The Effect of Laser Spot Diameter at Selective Laser Melting of Fe-Based Amorphous Alloy
摘要
Fe-based bulk metallic glasses are a very promising material class due to its remarkable soft-magnetic properties. Such material can be obtained by cooling of the melt at very high cooling rate, which can be reached within the framework of one of the most popular additive manufacturing technologies—selective laser melting. To control and manage the key soft-magnetic amorphous-nanocrystalline material parameters determining its magnetic properties—density and amorphization degree, it is vital to understand the influence of production process factors. The impact of the laser spot diameter on the phase composition, density, microstructure, magnetic properties of the FeSiCrB alloy (KUAMET 6B2) was investigated by preparing and studying the samples obtained via selective laser melting. Samples were obtained in nitrogen atmosphere via two selective laser melting systems: one with laser spot diameter of 80 µm and other with laser spot diameter of 40 µm using same basic selective laser melting parameters (excluding hatch distance parameter which was halved in experiment with reduced laser spot diameter).
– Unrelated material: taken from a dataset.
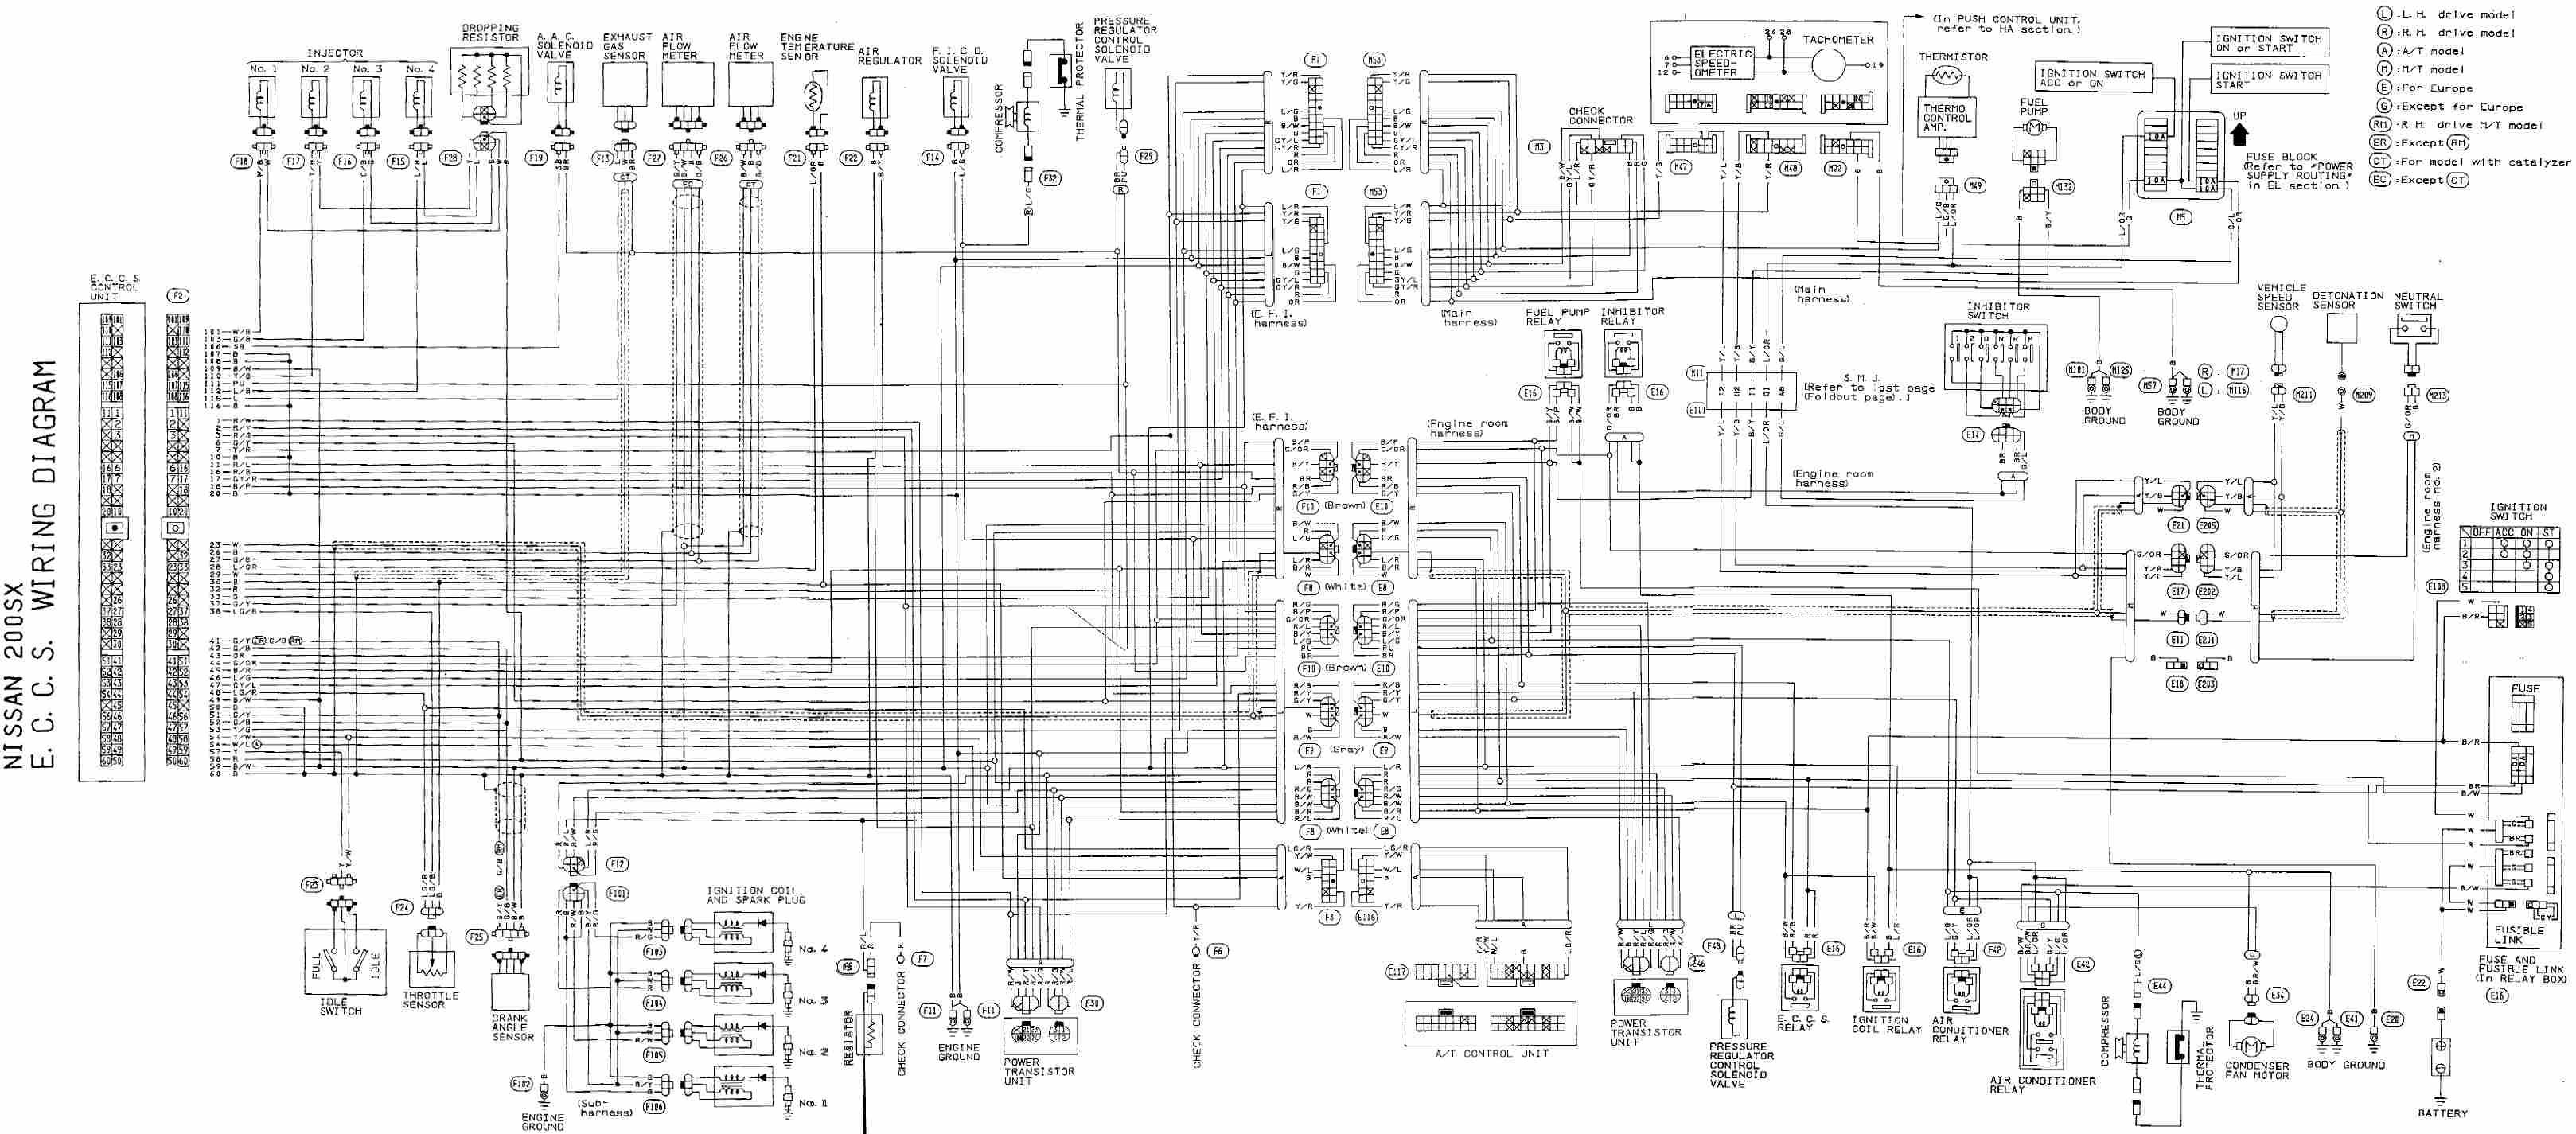 89 nissan 300zx engine diagram wiring diagram data 92 240Sx Injector Wire Diagram 89 nissan 300zx diagram wiring diagram nissan 300zx wiring diagram 89 nissan 300zx diagram schema

In result, original data on the impact of halving the laser spot diameter on amorphization degree, microstructure, and magnetic characteristics was obtained for different selective laser melting parameters combinations. Complex analysis of the novel obtained results can be used for production development of selective laser melted Fe-based amorphous-nanocrystalline alloys, more precise process parameters optimization and further investigation of the selective laser melted amorphous-nanocrystalline Fe-based alloys.